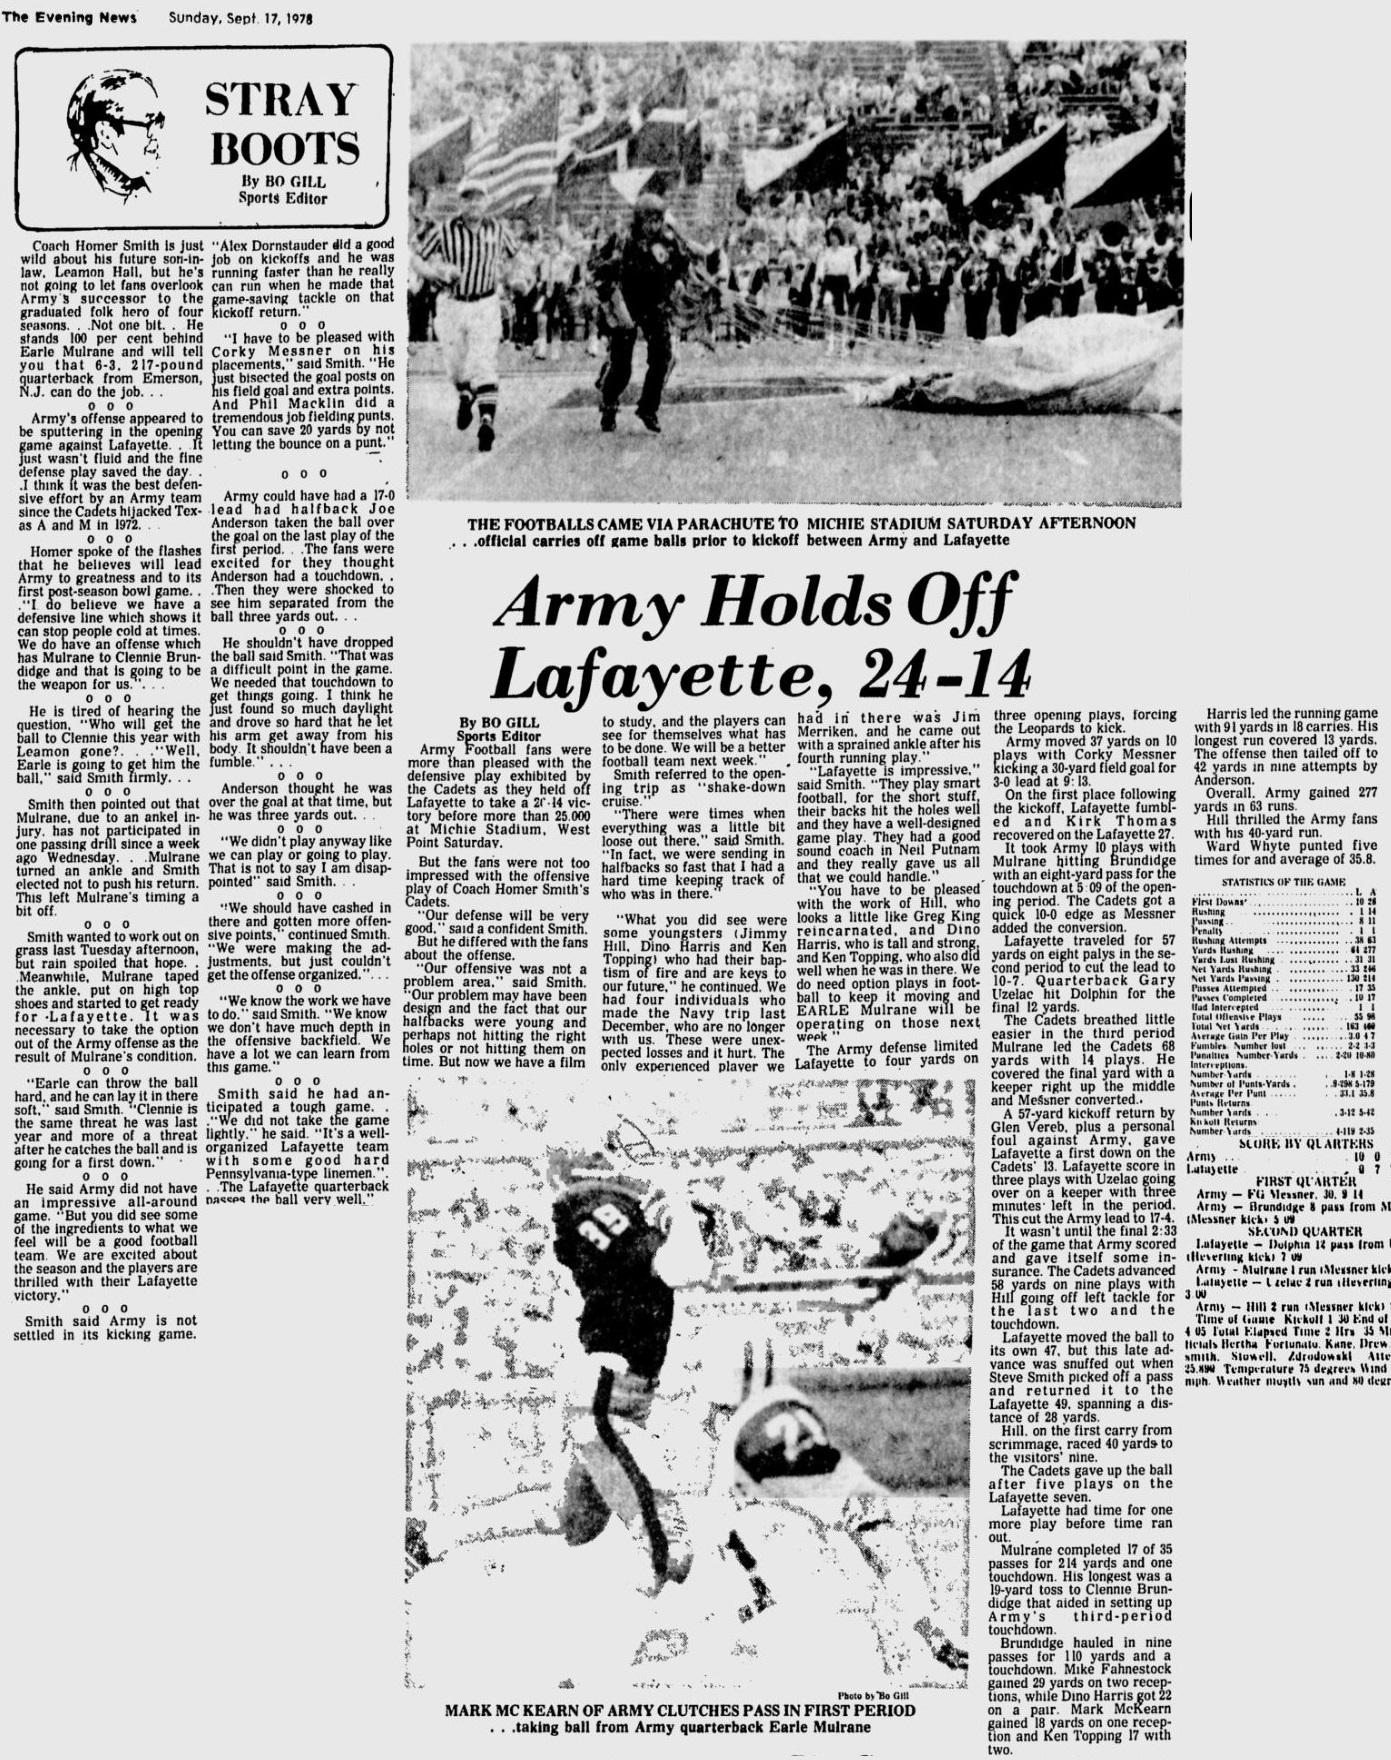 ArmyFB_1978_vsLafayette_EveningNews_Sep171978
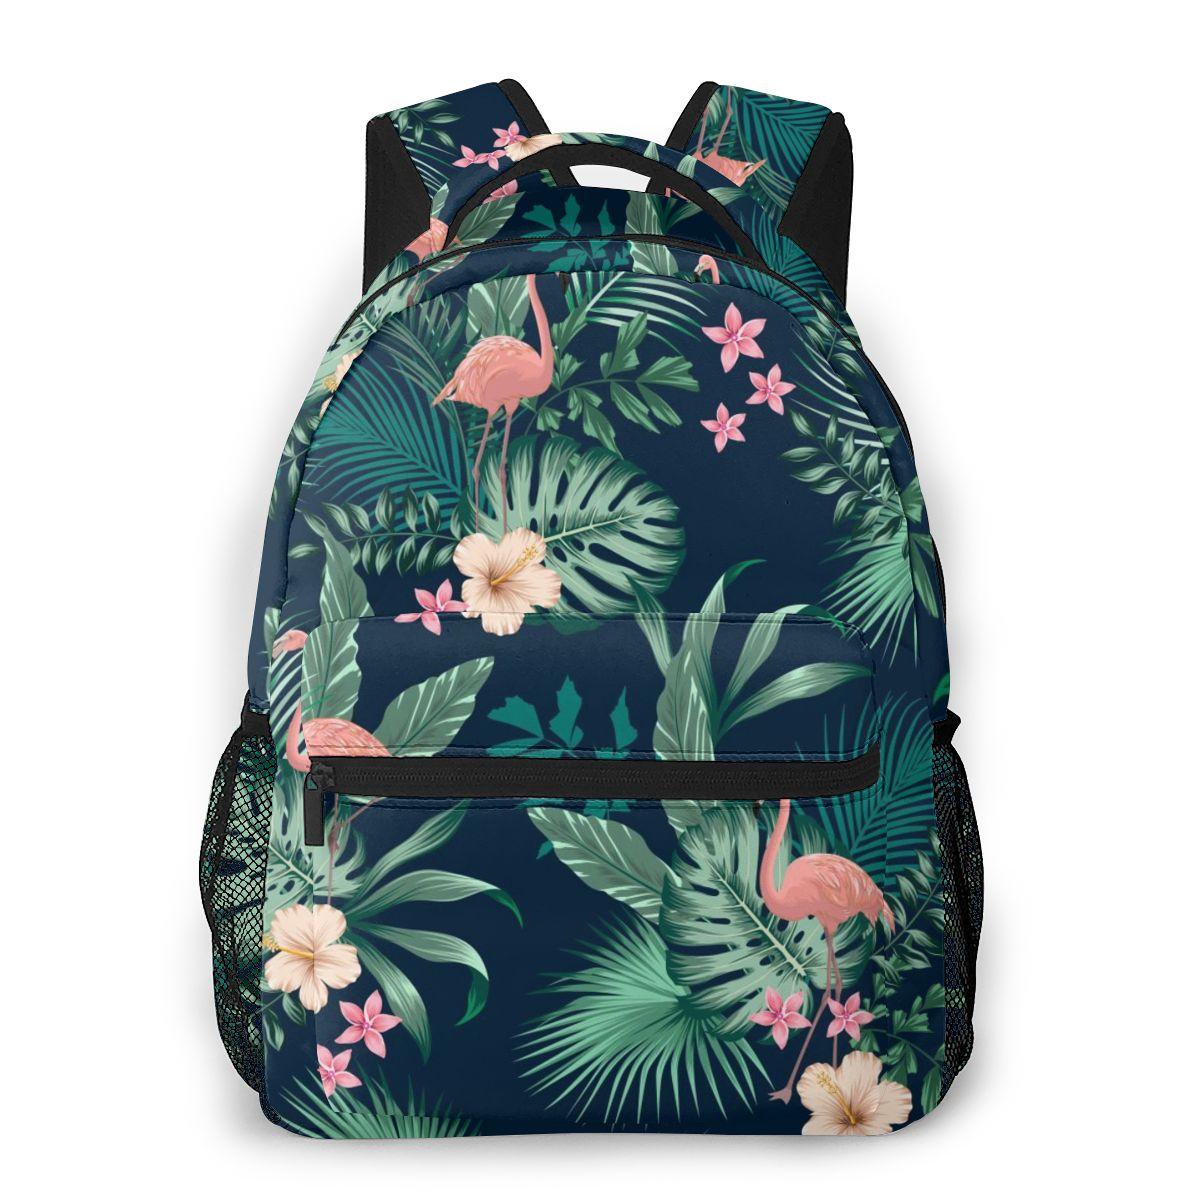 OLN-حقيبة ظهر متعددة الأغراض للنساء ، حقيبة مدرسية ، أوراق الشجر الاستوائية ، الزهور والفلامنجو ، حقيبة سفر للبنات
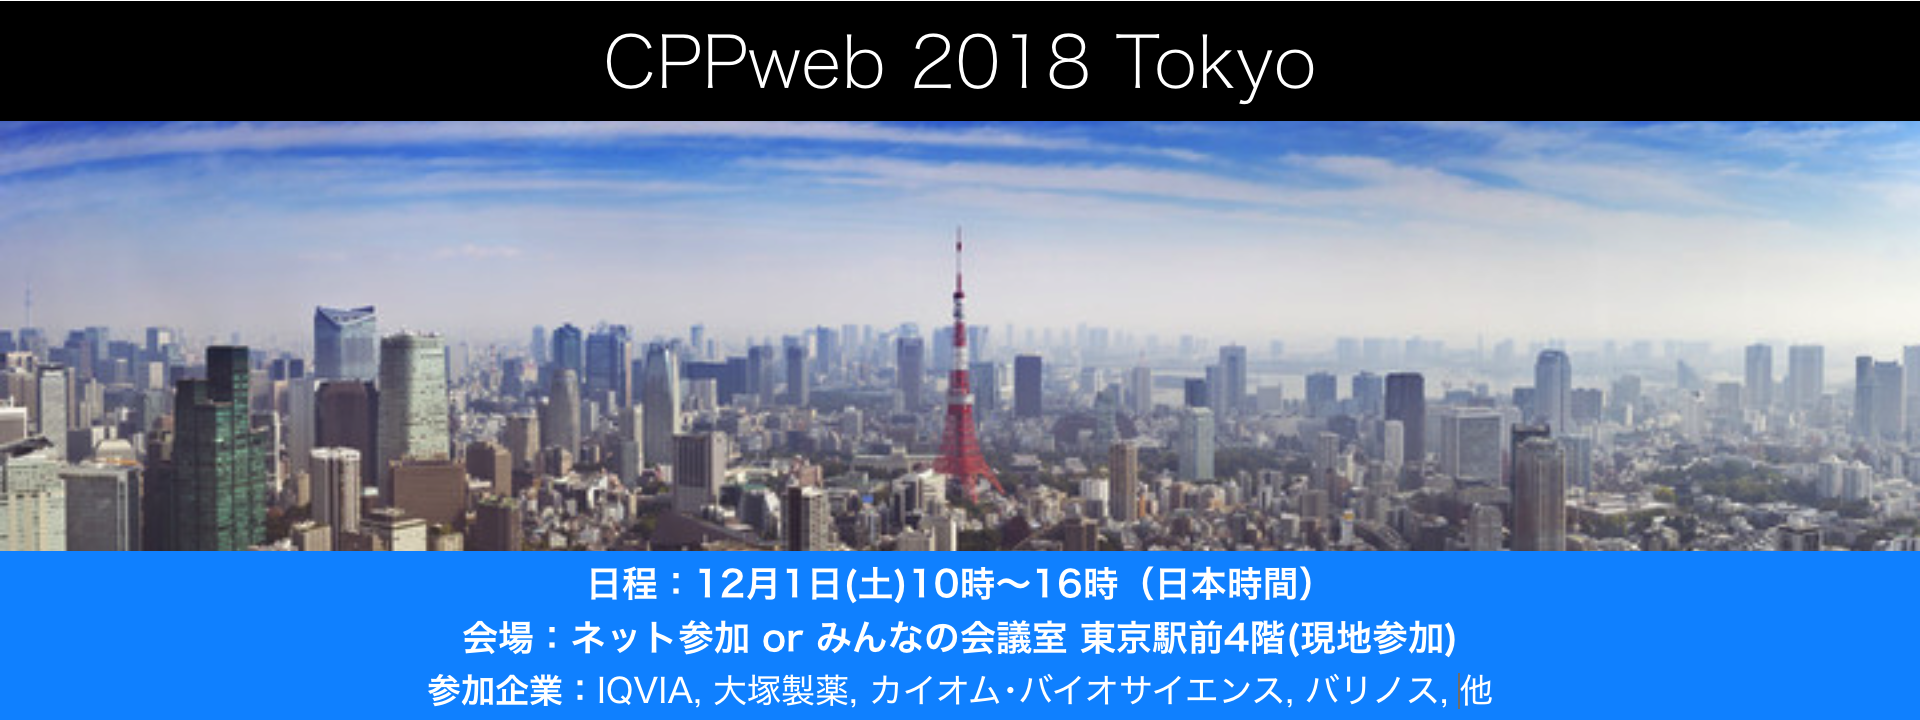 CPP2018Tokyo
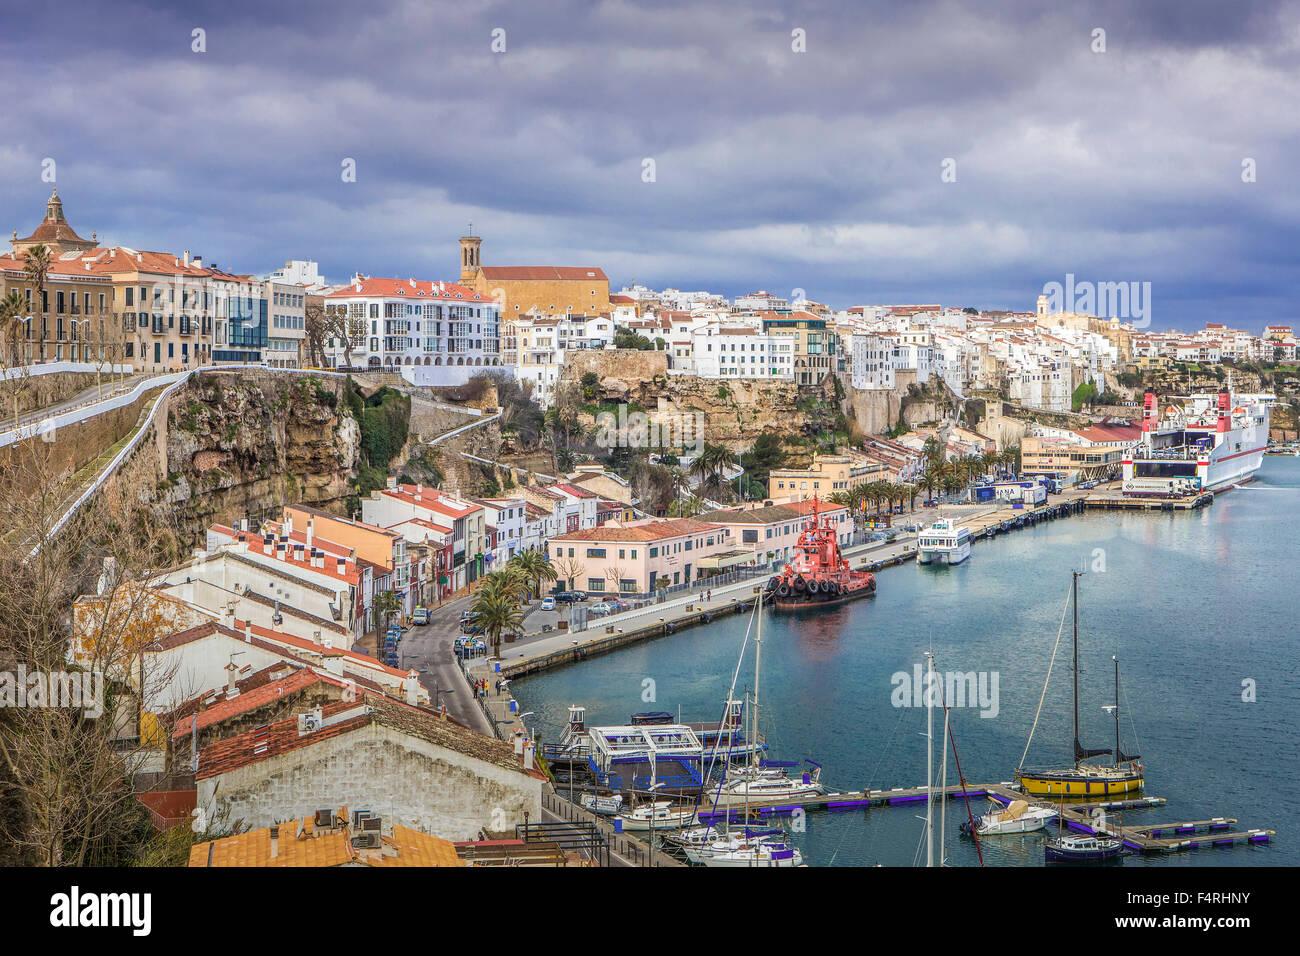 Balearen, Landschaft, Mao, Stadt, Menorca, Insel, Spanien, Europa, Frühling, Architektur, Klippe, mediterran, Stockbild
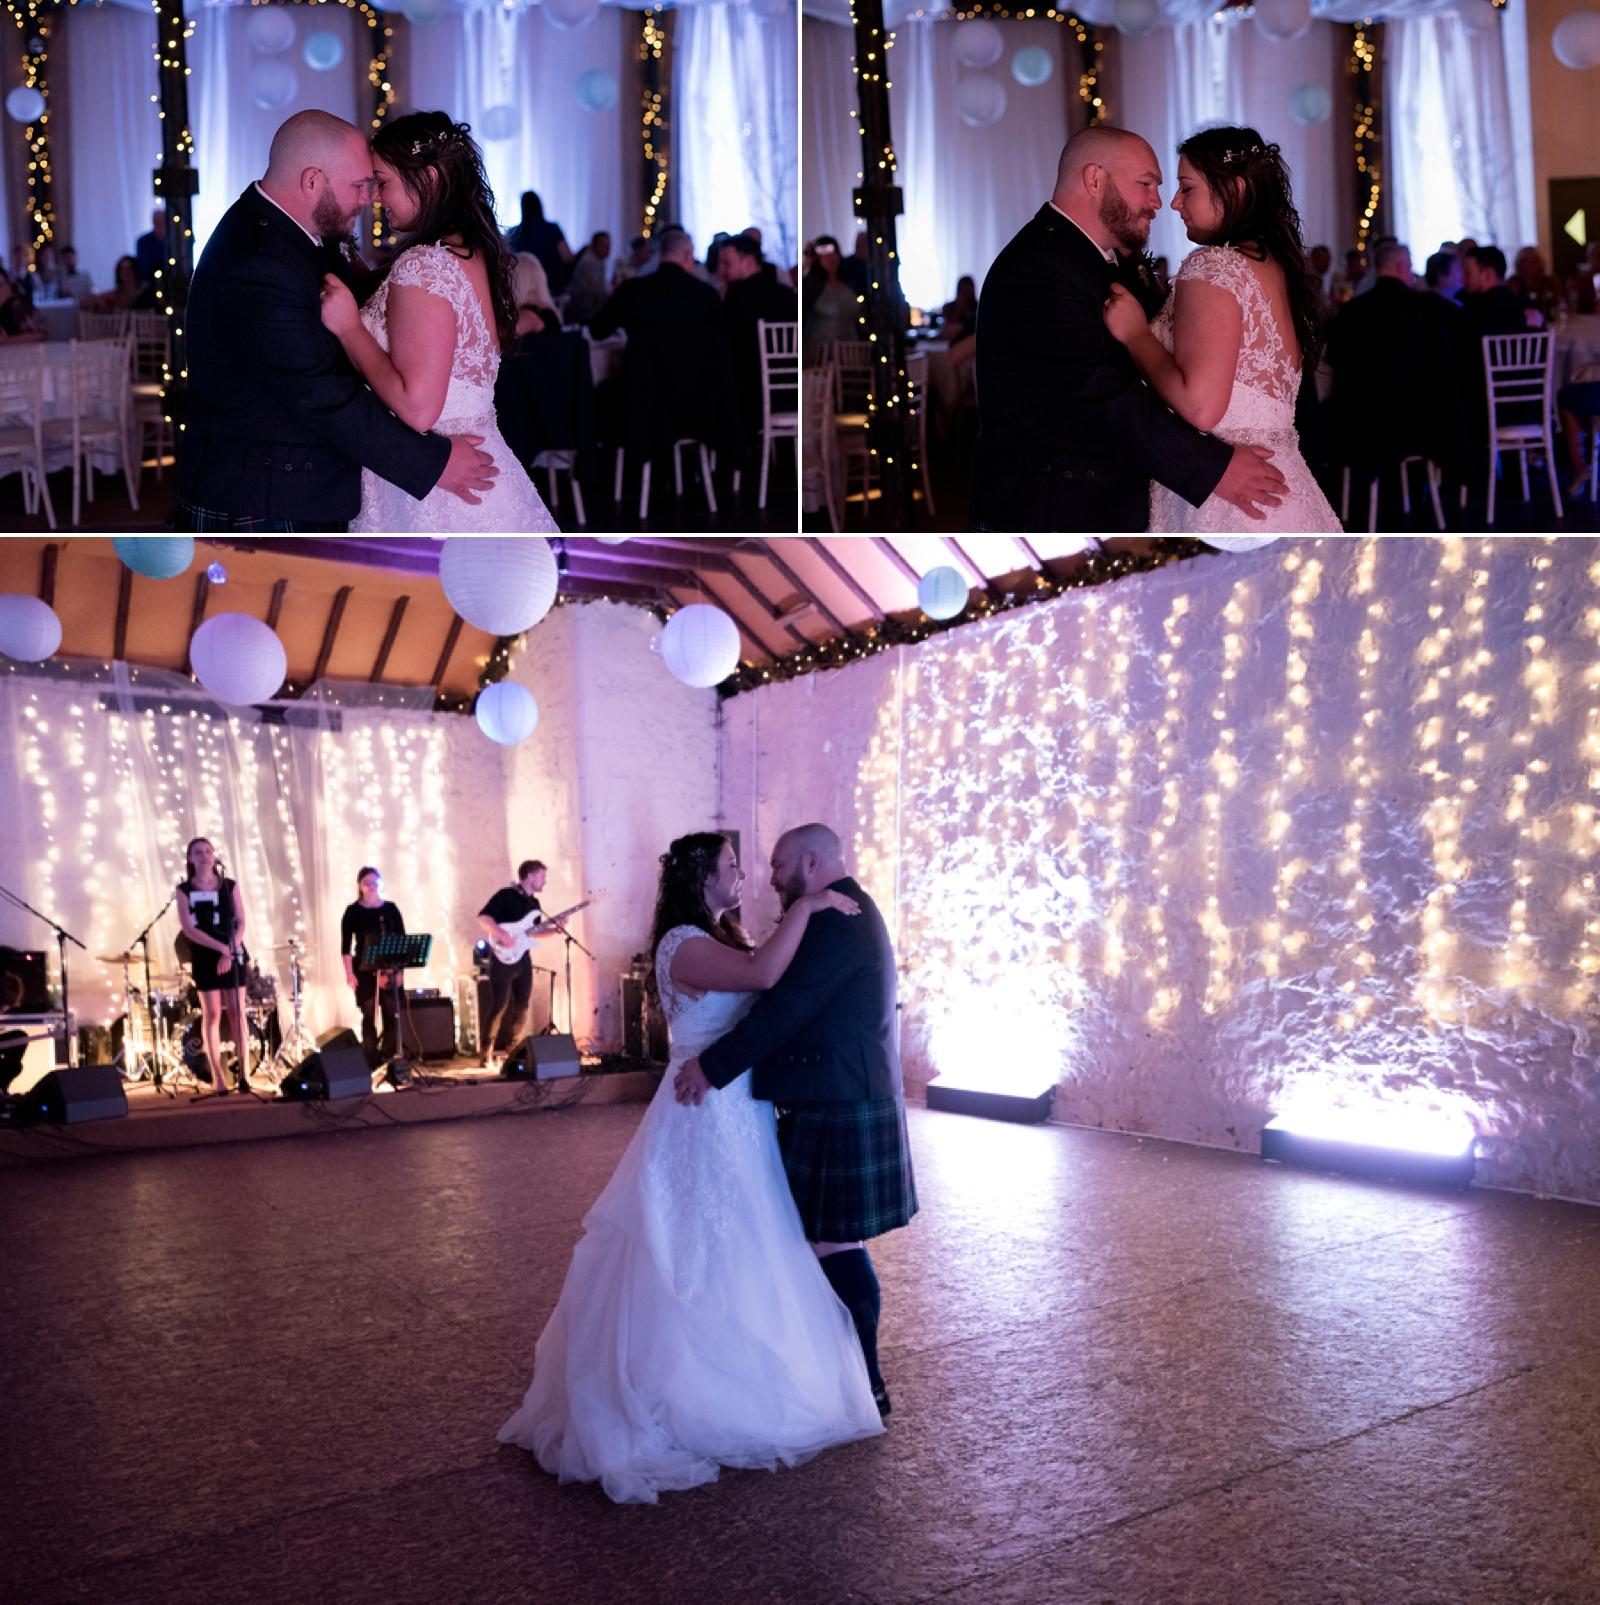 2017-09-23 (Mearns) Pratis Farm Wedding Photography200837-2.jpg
---+---
◆ **EXERCISE REQUIREMENTS**
Please copy the lines above, starting at the one that holds "Klippe, mediterran, Stockbild" and stopping after the last line, exactly as they appear and minus the pictures.

◆ **SOLUTION**
 Balearen, Landschaft, Mao, Stadt, Menorca, Insel, Spanien, Europa, Frühling, Architektur, Klippe, mediterran, Stockbild
 2017-09-23 (Mearns) Pratis Farm Wedding Photography200837-2.jpg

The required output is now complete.